Say, we have a data frame about student testing score, ‘grade’ on hand. And now, only the name of the students variables for ‘Math’, ‘Physics’ and ‘Chemistry’ are needed in the next step task. So, the easiest way to select those variables is using the index number of them in the square brackets.

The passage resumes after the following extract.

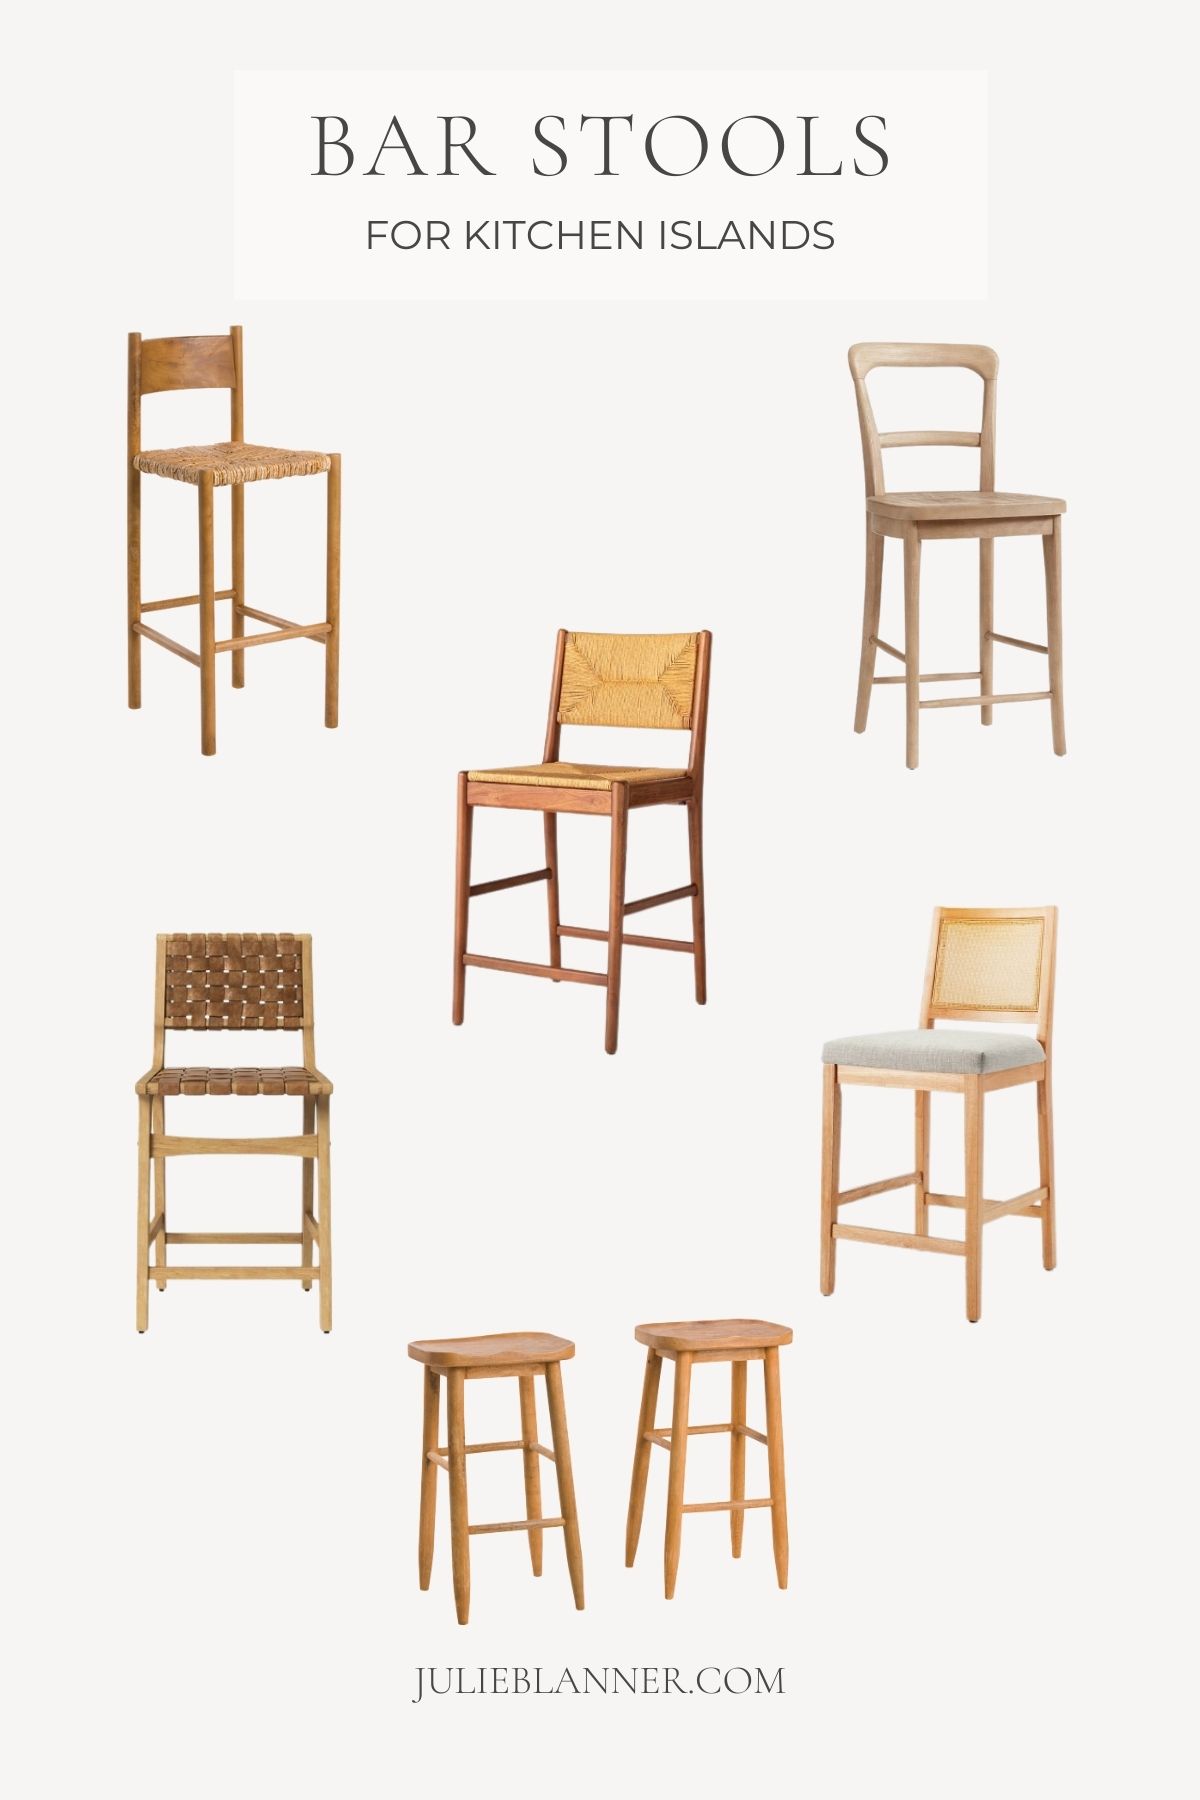 A graphic from julieblanner.com titled "bar stools for kitchen islands" with images of a variety of wooden bar stools

#show first observations of the data frame
head(grade)
#output
StudentID First Last Gender Country Age Math Physics
1 1 James Zhang Male US 23 73 70
2 2 Wilson Li Male UK 26 95 999
3 3 Richard Nuan Ye Male UK 35 77 83
4 4 Mary Deng Female US 21 60 99
5 5 Jason Wilson Male UK 19 77 89
6 6 Jennifer Hopkin Female UK 43 79 64
Chemistry Date
1 87 10/31/08
2 83 03/16/08
3 92 05/22/08
4 84 01/24/09
5 93 07/30/09
6 83 04/05/09
#select wanted variables, using indexing with the column numbers
new_df1 <- grade[c(2,3,7,8,9)]
#show fist observations of the new data frame
head(new_df1)
#output
First Last Math Physics Chemistry
1 James Zhang 73 70 87
2 Wilson Li 95 999 83
3 Richard Nuan Ye 77 83 92
4 Mary Deng 60 99 84
5 Jason Wilson 77 89 93
6 Jennifer Hopkin 79 64 83
The second way of choosing variables is filling the variable names into the square brackets.
#select variables, using column names
new_df2 <- grade[c("First","Last","Math","Physics","Chemistry")]
#show first observations of the new data frame
head(new_df2)
#output
First Last Math Physics Chemistry
1 James Zhang 73 70 87
2 Wilson Li 95 999 83
3 Richard Nuan Ye 77 83 92
4 Mary Deng 60 99 84
5 Jason Wilson 77 89 93
6 Jennifer Hopkin 79 64 83
The third method is just the opposite of the first one, namely excluding the unwanted variables by adding minus symbol in front of their indexing numbers.
#select variables, by excluding unwanted variables
new_df3 <- grade[c(-1,-4,-5,-6,-10)]
#show first observations of the new data frame
head(new_df3)
#output
First Last Math Physics Chemistry
1 James Zhang 73 70 87
2 Wilson Li 95 999 83
3 Richard Nuan Ye 77 83 92
4 Mary Deng 60 99 84
5 Jason Wilson 77 89 93
6 Jennifer Hopkin 79 64 83
The fourth method is using select() function from dplyr package.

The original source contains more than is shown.